Ironic lack of self-awareness. The product doesn’t know itself. It can’t explain how to do things, how to use ChatGPT to achieve goals, or where else to go. In As You Like It, Shakespeare wrote: “The fool doth think he is wise, but the wise man knows himself to be a fool.” And I know that’s a very basic sentiment, but it’s also a product problem.

No documentation or clear guidance. There’s no real onboarding, and no clear explanation of the product from the inside. Maybe I’m using Agents wrong. But I clicked a button and did what it said, and it just failed—and it didn’t tell me how to get to the next steps. This is 1997 HP printer-driver level of product development. Again, it’s literally a chatting robot, this could be resolved. Is there something I missed? A special guide or code or message that Sam Altman whispers in your ear? I don’t care. This is consumer software.

Unclear distinction between horizontal and vertical applications. Codex and Sora are good (if you know where they are) because they do a thing in a particular software context. They communicate their state, where they might fall short, and provide at least some onboarding or guidance.

The idea that ChatGPT is good at “health” is terrifying to me because it’s sort of smeared into the product without guidance. “Health” should be an app that tells me how to use OpenAI for health: Tracking common health-related concerns, providing good resources, helping me find a doctor, letting me submit problems—and that also uses LLMs to let me create exercise plans, or talk through nutrition challenges.

Vertical products that explain how the LLM is used and walk people through useful workflows are far, far more valuable than having an undifferentiated chatbot that spins up whatever, whenever. Right now, we all work in product development for OpenAI. We’re finding ways to use their products and spinning up better prompts and functions, which they roll out in new versions. That dynamic should change.

Vague product platform. There’s the prompt store, and stuff like Codex, and on and on—it’s sprawling and full of legacy stuff and old ideas. I have a lot of empathy here: They struck gold, they went wild, and now, four years later, there’s a ton left to do and a ton to clean up. But since the product is no longer jumping exponentially in capabilities, they will need to fall back on proper product development if they want to be competitive. They need to accept that they are software—plain old software—and that means people need to be able to use it.

What’s It Cost?

There’s a robust free tier, and a $20-a-month “Plus” plan. You can take the brakes off with Pro, which costs $200 a month and gives you more ability to do deep research and make more video, along with the typical Team and Enterprise offerings. API access is tiered and does let you choose models; it’s very cheap compared to both OpenAI in the past and to many of their current competitors.

Concluding Thoughts

I’m feeling a little fried. The last 75 years of software development are not suddenly irrelevant because of LLMs, and if you want to be a true platform for the future, then playtime is over—you have to actually make the thing work.

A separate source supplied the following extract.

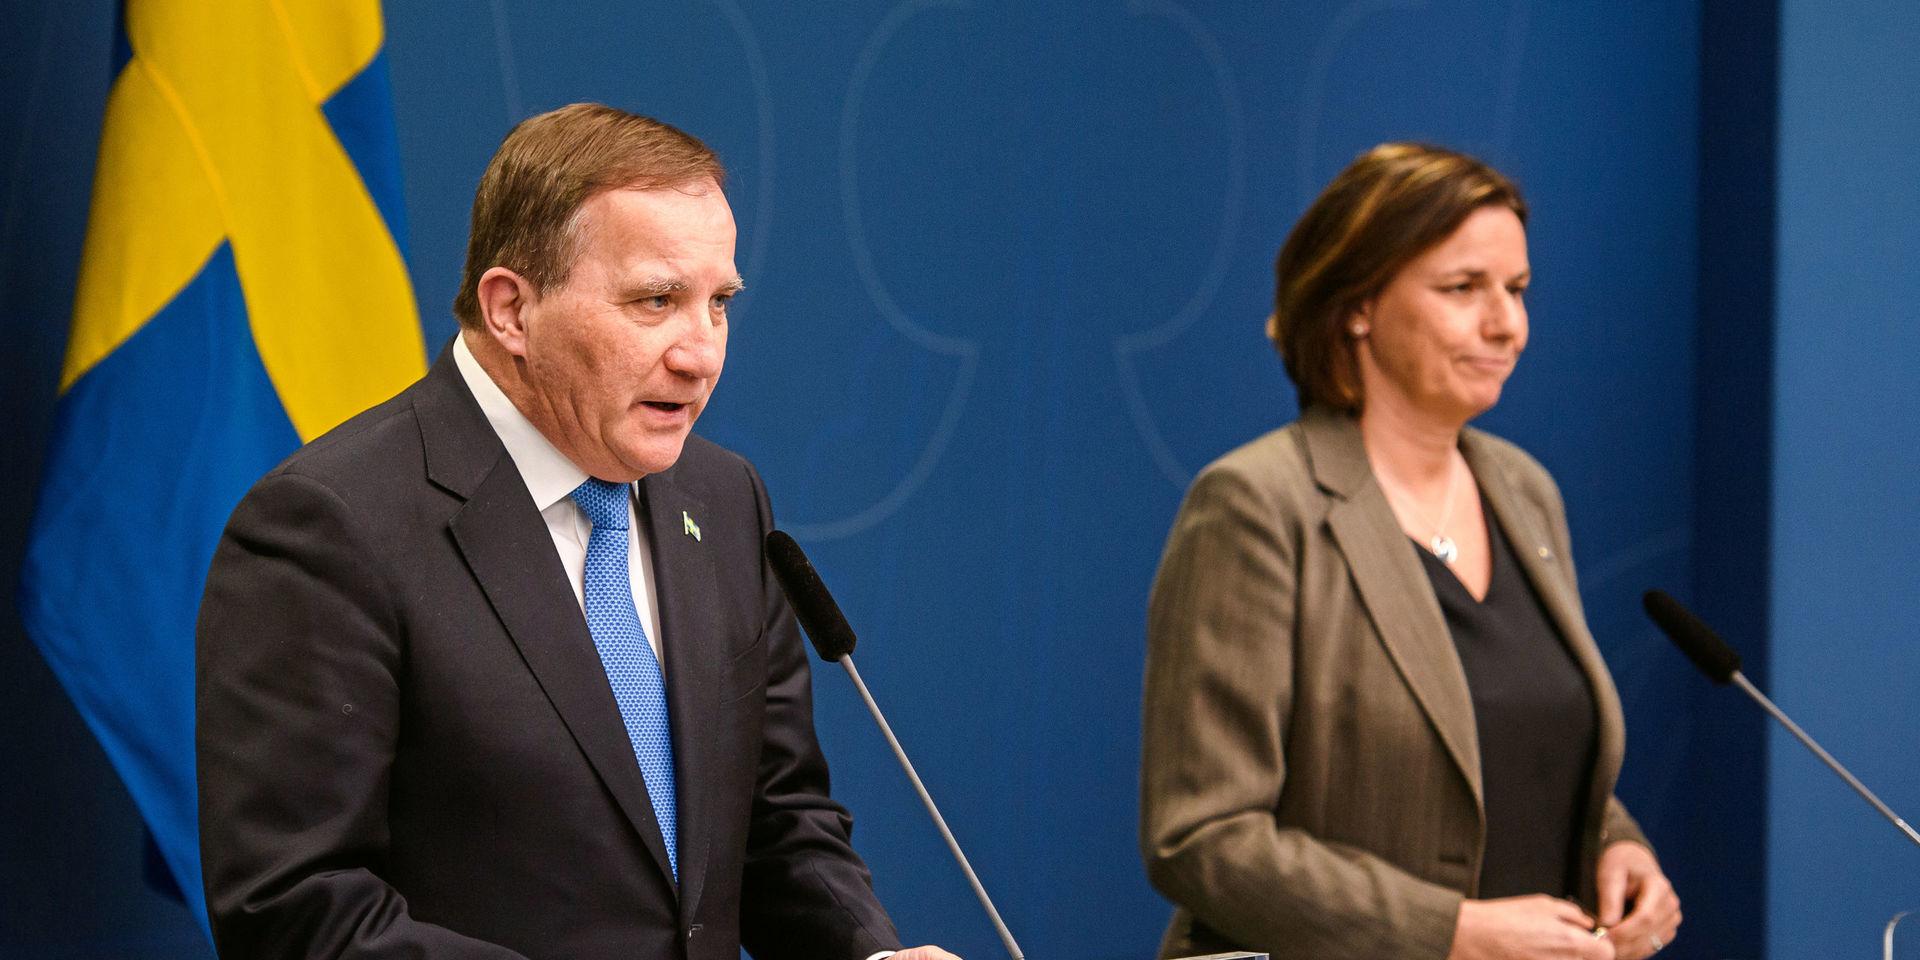 200331 Stefan Löfven, Prime Minister of Sweden, at a press conference with the government of Sweden regarding the coronavirus, covid-19, on March 31, 2020 in Stockholm. 
Foto: Maxim Thoré / BILDBYRÅN

At Aboard, we’ve just spent a year roping LLM output into some semblance of order so it can spin up reasonable apps, and it was very, very, very, very hard. It’s deeply challenging to work with these raw digital materials, but these companies don’t seem to care that we’re out here trying to turn their infinite extrusion of pink LLM slime into software chicken nuggets.

Obviously it’s a powerful tool. I just wish to God one person in LLMworld could work on a bad Salesforce deploy, or maintain and enhance a plugin-laden but business-critical WordPress install. I want them to see the gap between the software world most people experience—including most developers—and the infinitely funded world of pine floors and plant walls where they thrive.

Then again, OpenAI is worth half a trillion dollars, and I am not. I just wish my new toys could learn something from my old toys. This was literally the plot of Toy Story, and you know who funded that movie? Steve Jobs. He would never.